Retention Is the New Acquisition, And Most Businesses Are Behind

For years, the growth playbook was simple: acquire more merchants. More leads, more demos, more sign-ups.

But here’s the hard truth most businesses are now facing:
You can’t out-acquire churn.

Customer acquisition costs (CAC) are up over 222% over the last decade across B2B SaaS, while conversion rates are declining. And in today’s market where competition is everywhere and merchants are operating on tighter margins, retention is the real growth strategy.

The businesses that win in 2025 will be the ones that help their merchants win

Not with more features.
Not with prettier dashboards.
But with practical tools that drive business outcomes like customer loyalty, repeat visits, and revenue per user.
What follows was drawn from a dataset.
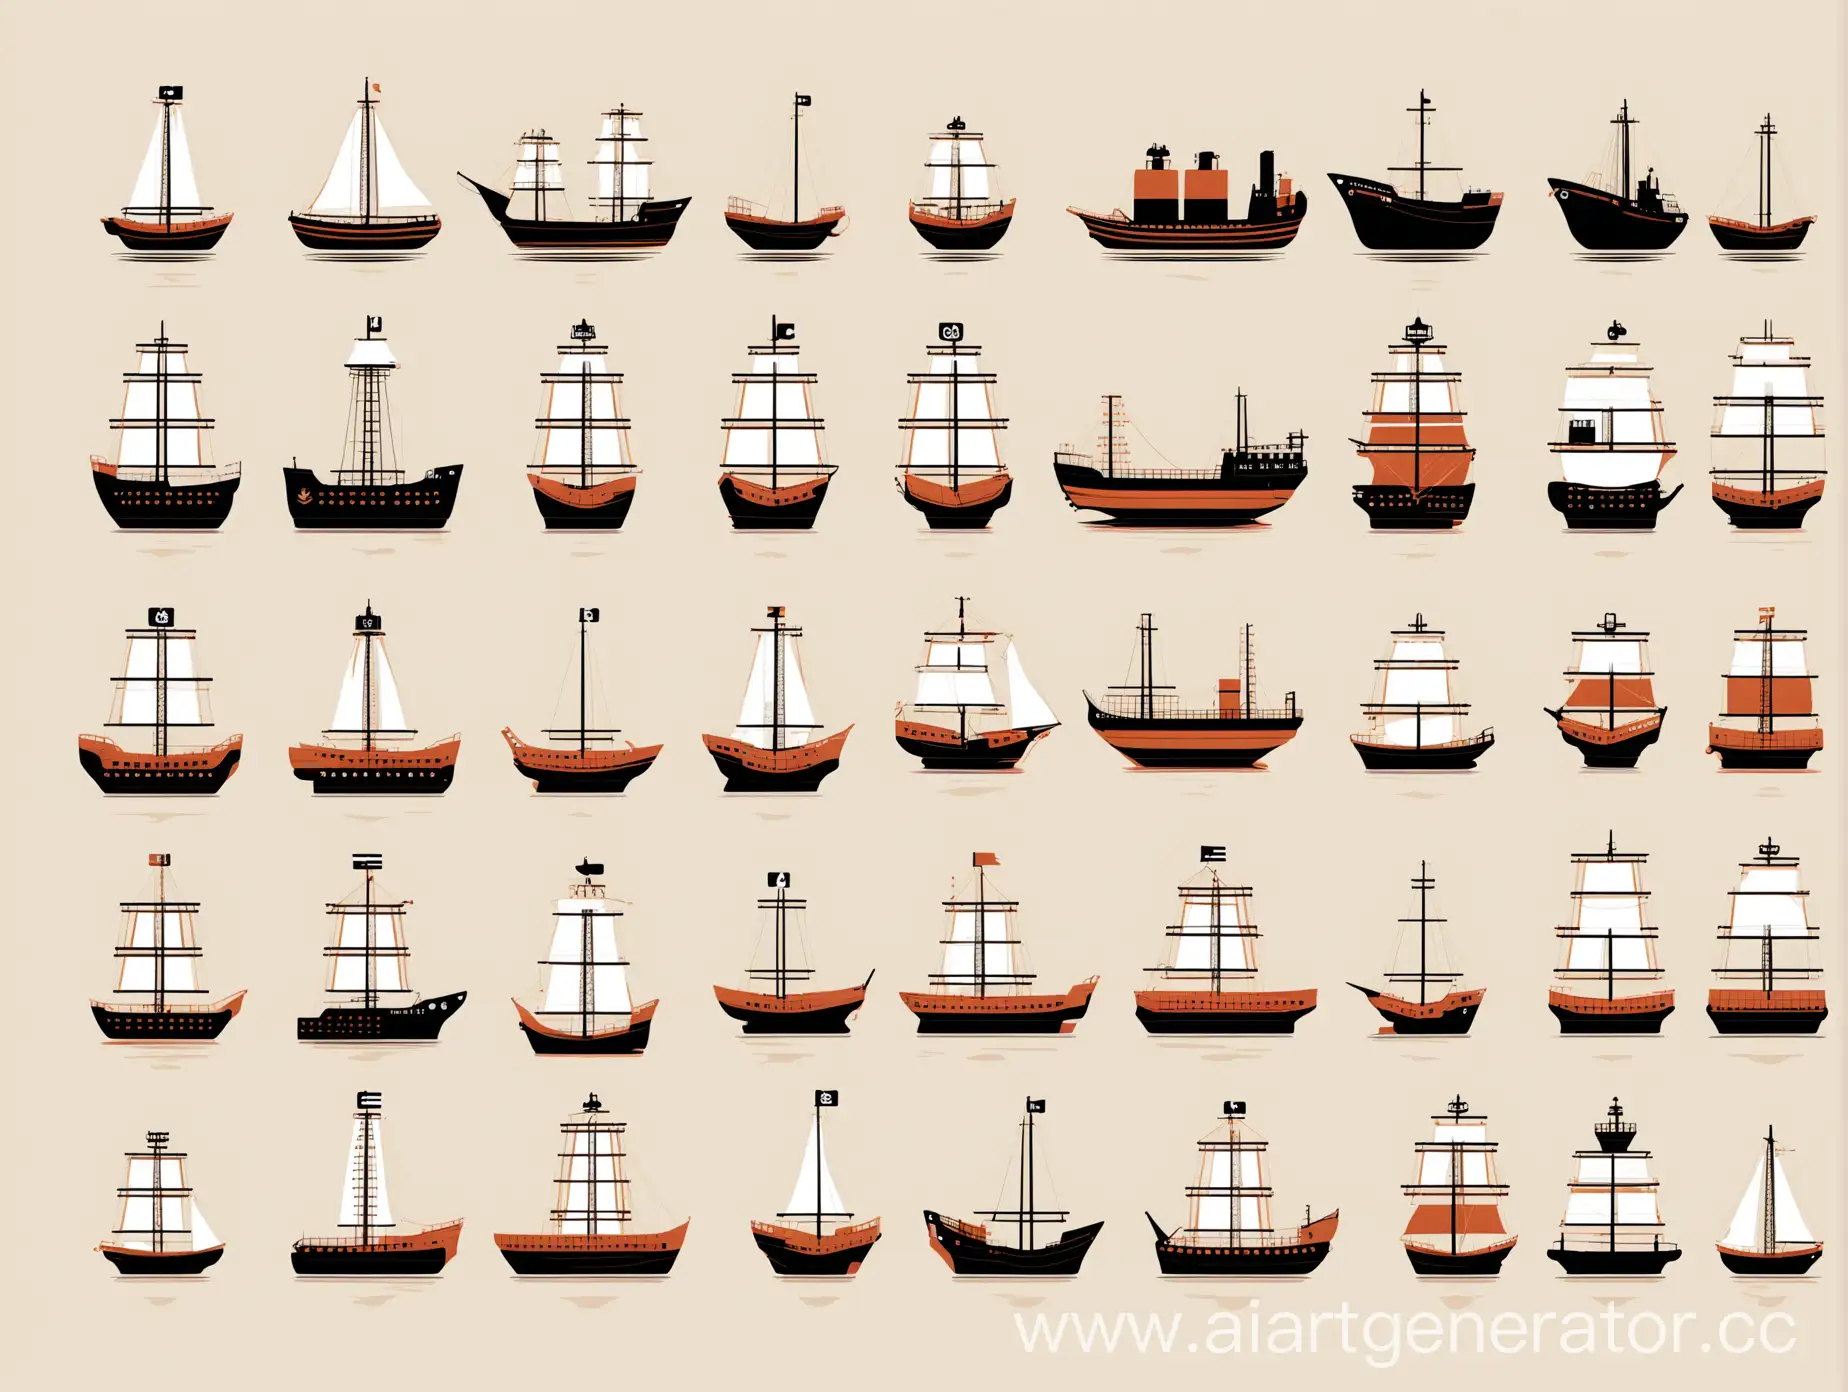 минимализм, инфографика, иконки корабля, иконки судна, много вариантов, много отдельных картинок

Because here’s what’s really causing churn for most businesses:
➡️ Merchants are leaving not because of your product but because their customers are leaving them.

The shift from acquisition to support

Helping merchants succeed used to mean offering setup guides and a solid help center.

Now, it means giving them tools to:

  • Re-engage customers they haven’t seen in 30+ days
  • Trigger automatic review requests to build social proof
  • Drive repeat visits with loyalty offers sent via SMS
  • Capture leads directly from their website and/or QR codes
  • Follow up after a missed visit without needing a team

A study by Twilio found that 96% of consumers want to receive texts from businesses, but only 48% of businesses are actively using SMS as a communication channel.

Retention is now a platform level KPI

The fastest growing businesses we work with have one thing in common:
They’re not just building tools. They’re building outcomes.

Instead of asking “how do we make our onboarding better?”
They’re asking:
👉 “How do we help our merchants get their first return visit faster?”
👉 “What’s our average merchant LTV and what would it look like if we extended that by just 60 days?”

So let’s breakdown the math:

If the average merchant brings in $250/mo in SaaS and payment revenue, extending their LTV by 90 days adds $750 in revenue, per merchant. Multiply that by 1,000 merchants, and that’s $750,000 in recovered revenue.

When your product drives merchant retention…
…your own churn starts to fix itself.

Retention is acquisition.
And if your platform isn’t helping merchants keep their customers, someone else’s will.